Listed records —

*****

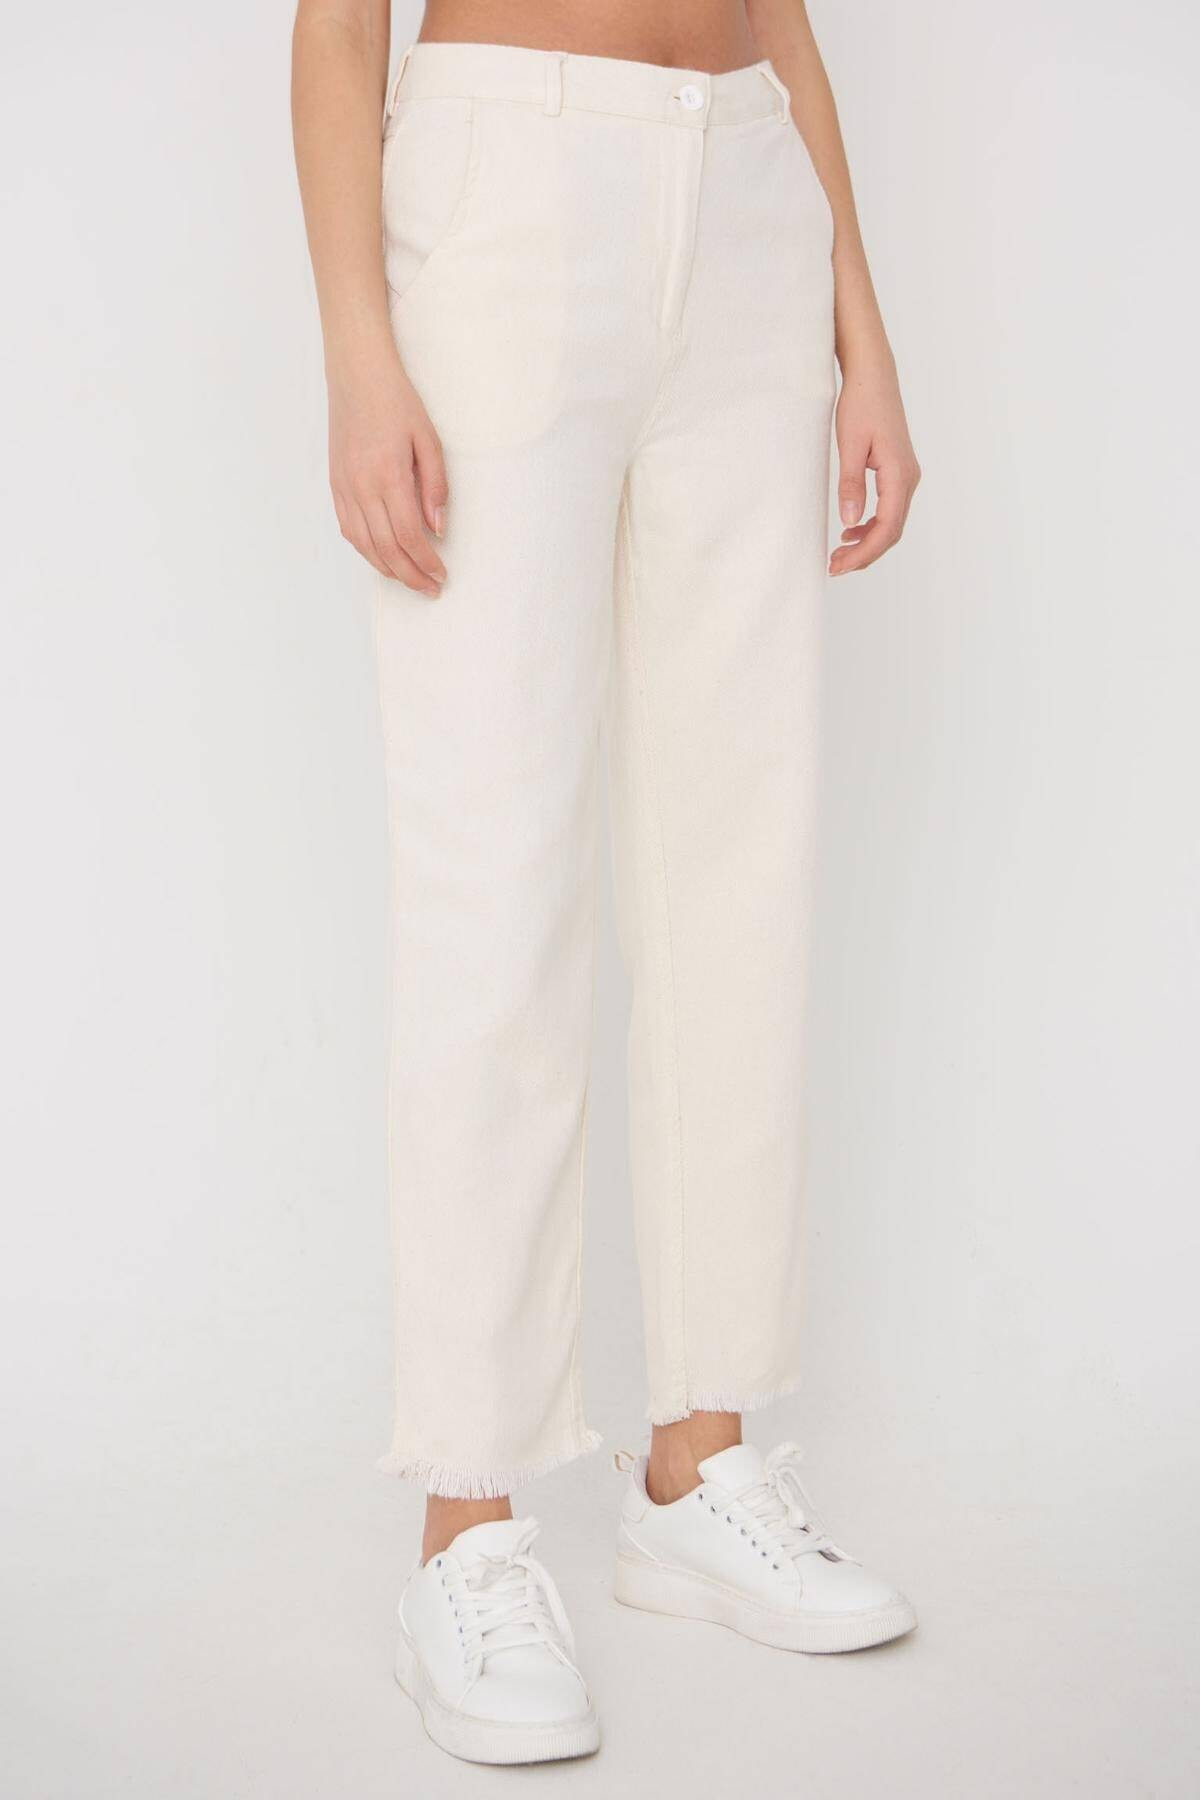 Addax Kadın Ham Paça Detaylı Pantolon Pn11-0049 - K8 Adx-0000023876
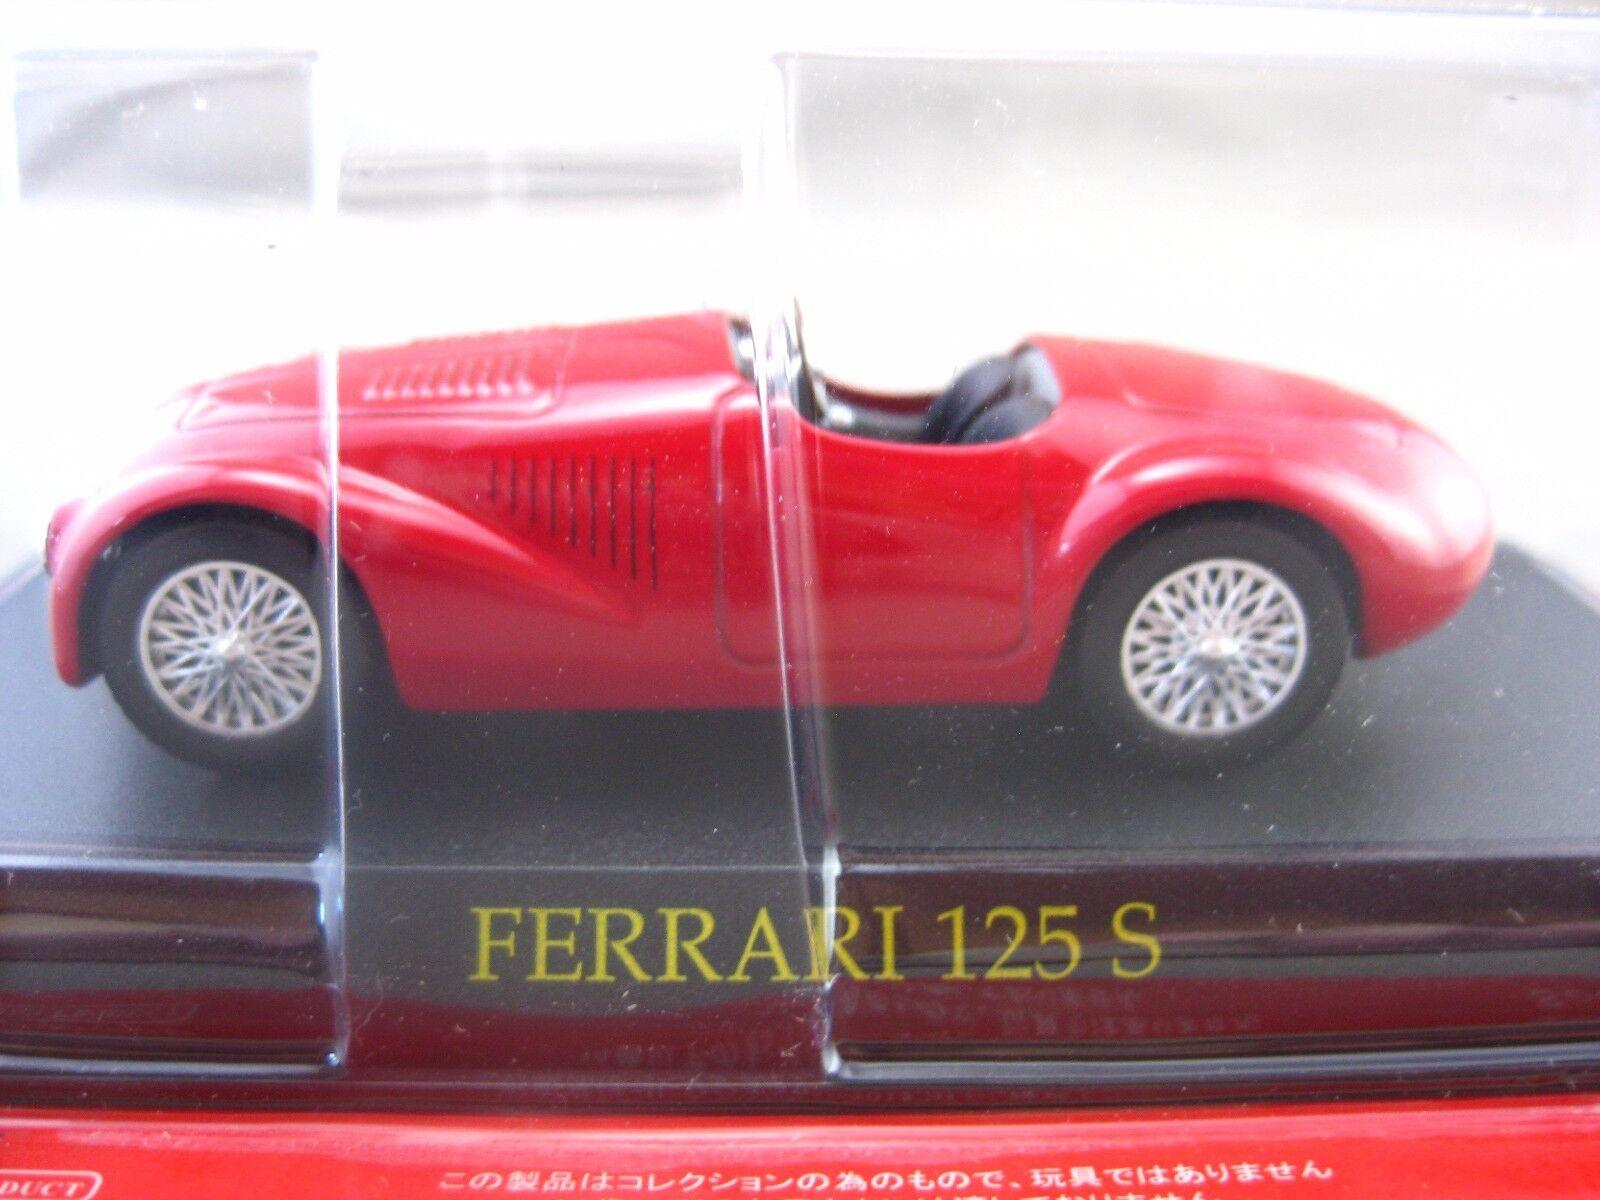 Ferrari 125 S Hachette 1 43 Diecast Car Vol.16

*****

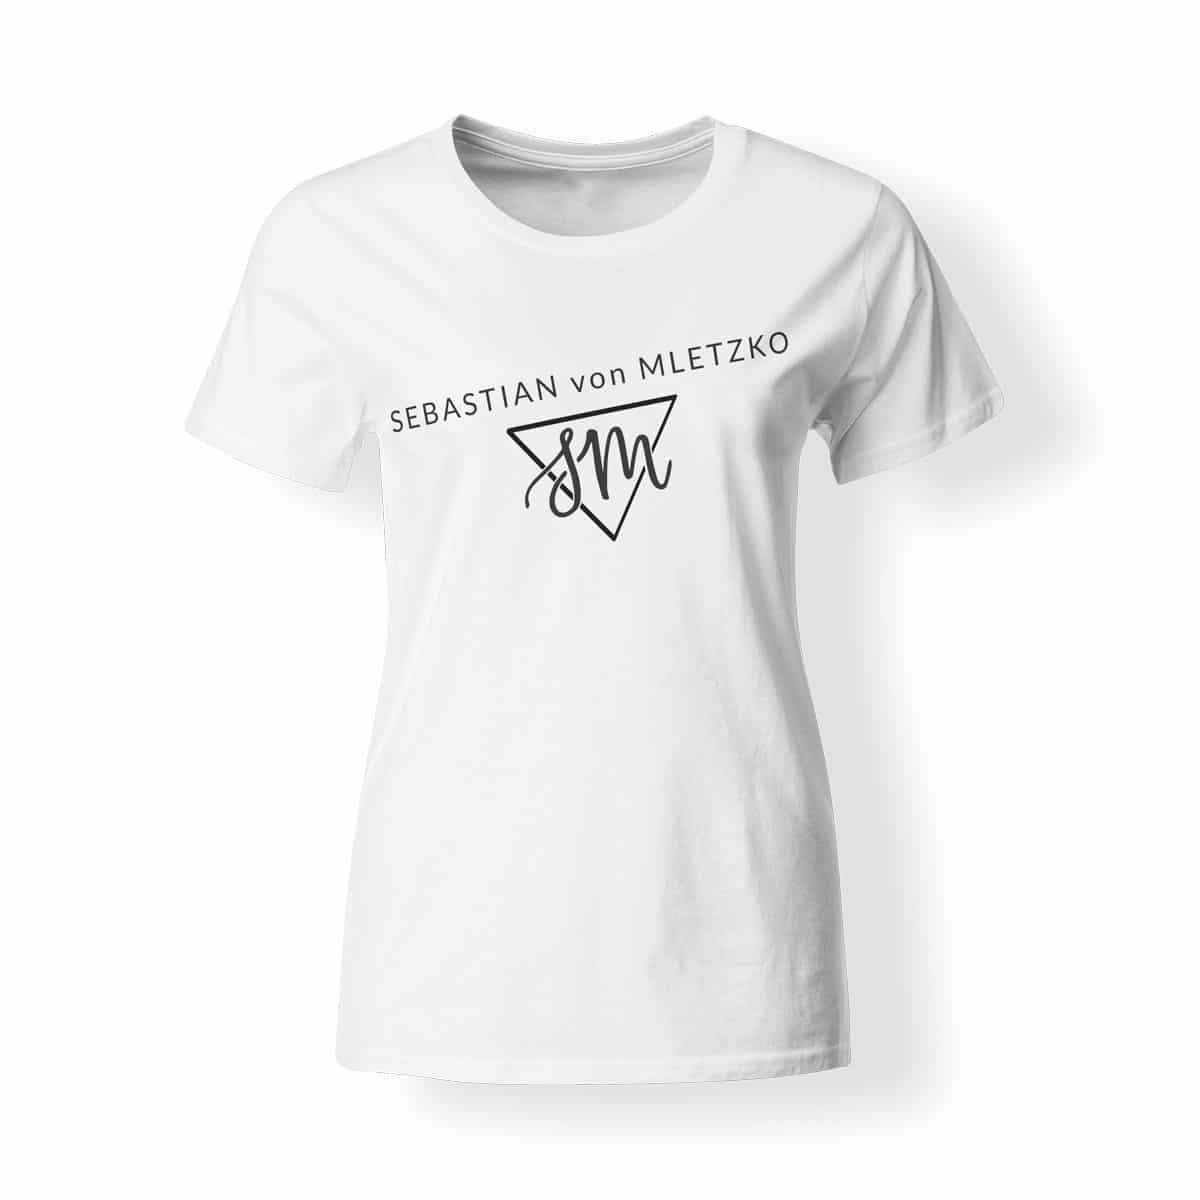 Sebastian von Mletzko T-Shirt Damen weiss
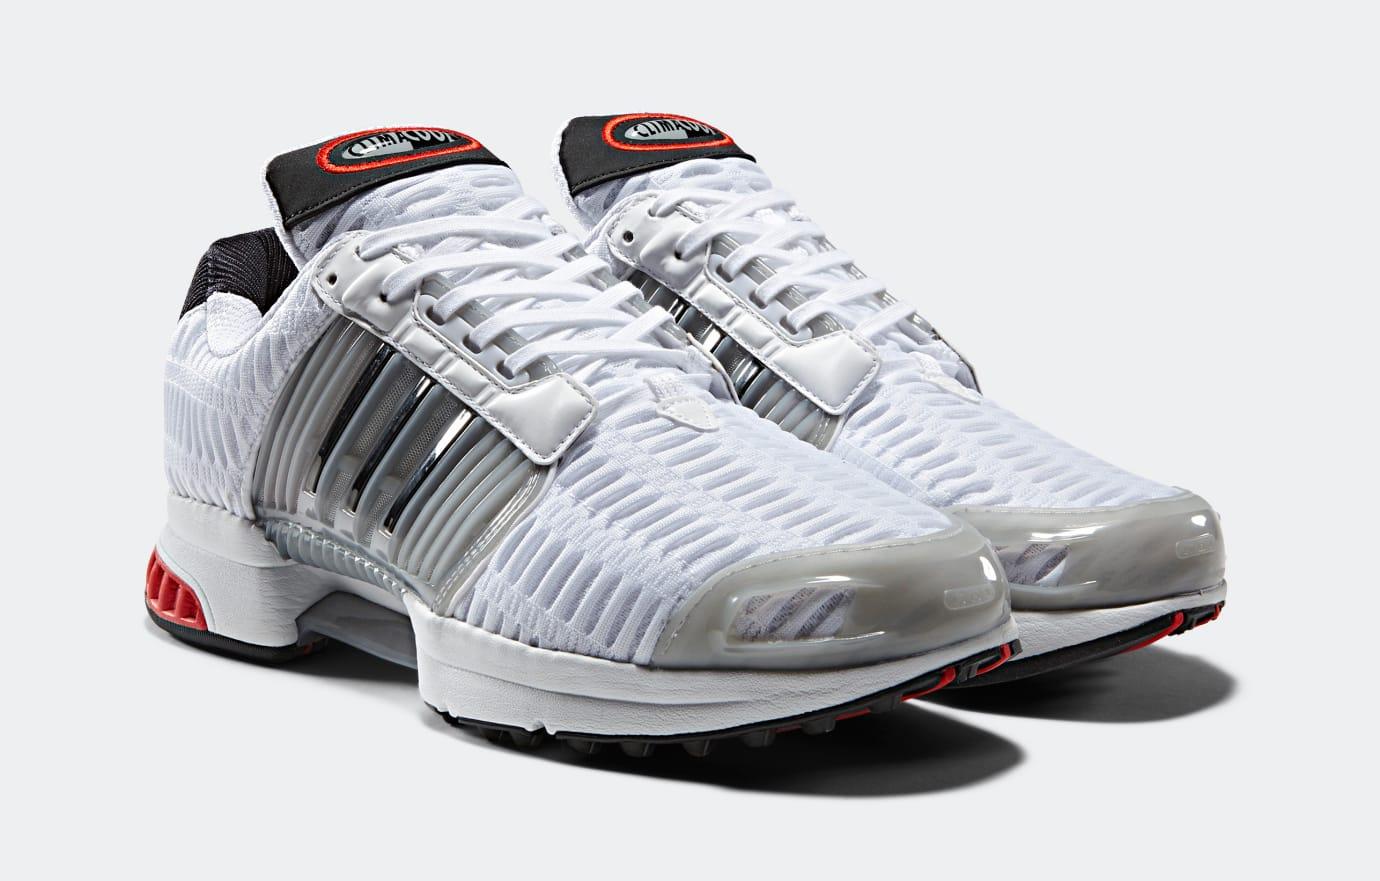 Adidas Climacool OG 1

*****

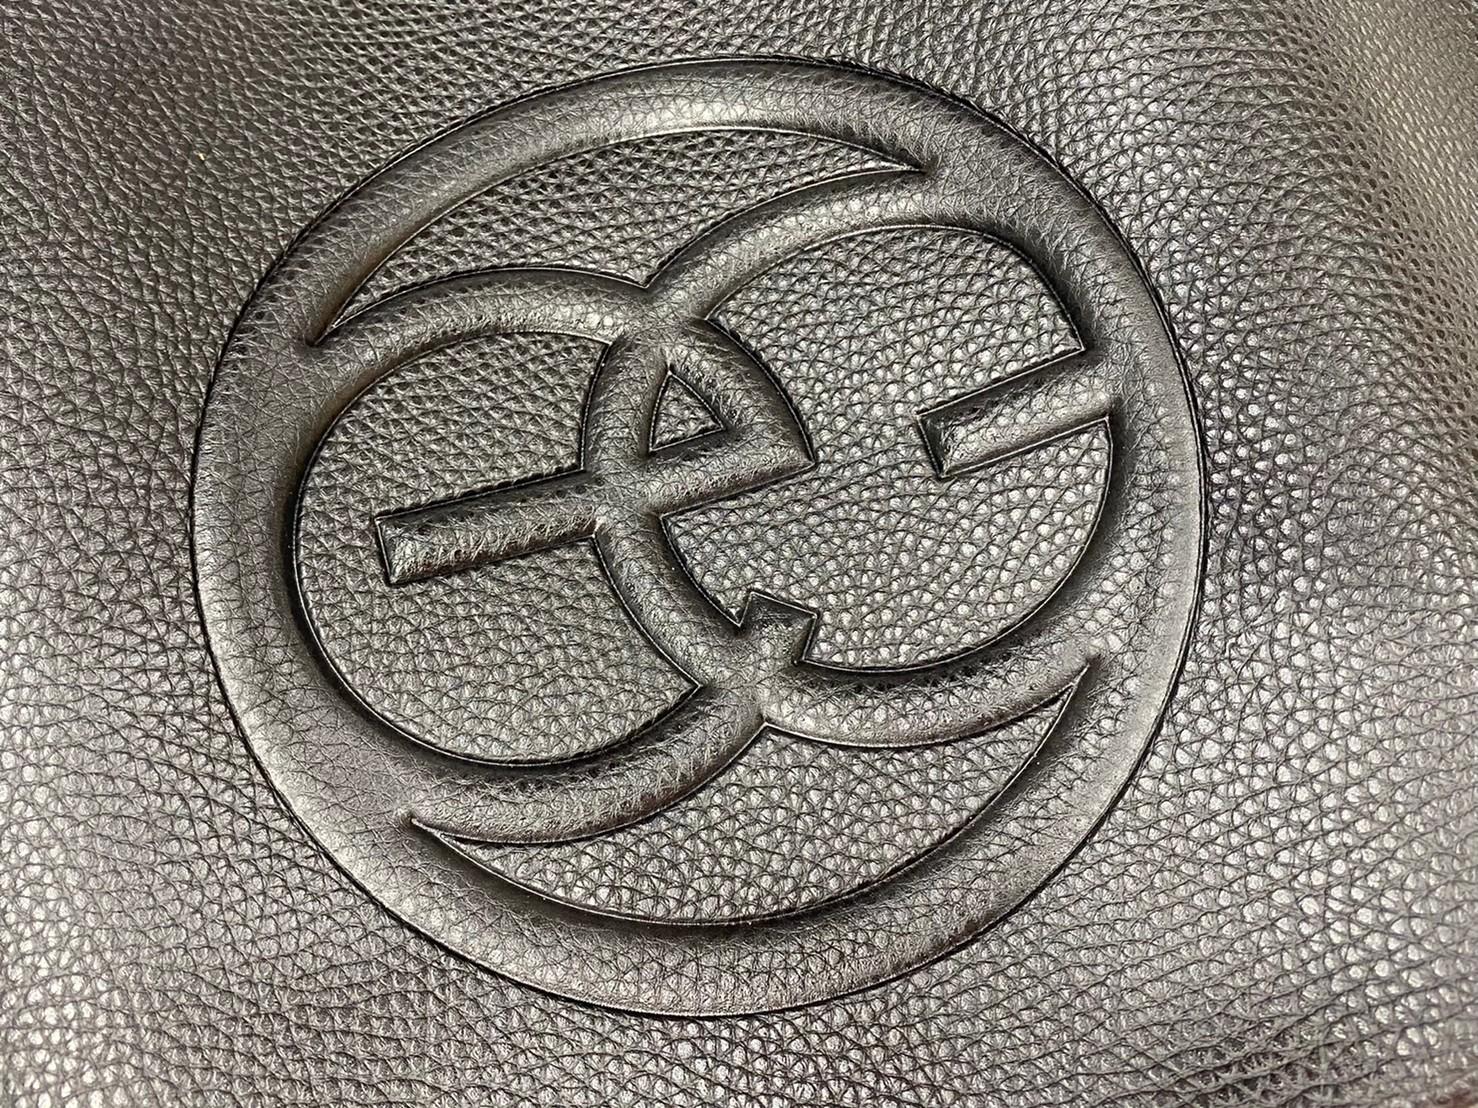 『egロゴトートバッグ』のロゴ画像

*****

Problem description — Copy the lines above exactly, starting with the line that contains "Addax Kadın Ham" and ending with the line that contains "Ferrari 125 S", and leave out any pictures.

Solution —
 Addax Kadın Ham Paça Detaylı Pantolon Pn11-0049 - K8 Adx-0000023876
 Ferrari 125 S Hachette 1 43 Diecast Car Vol.16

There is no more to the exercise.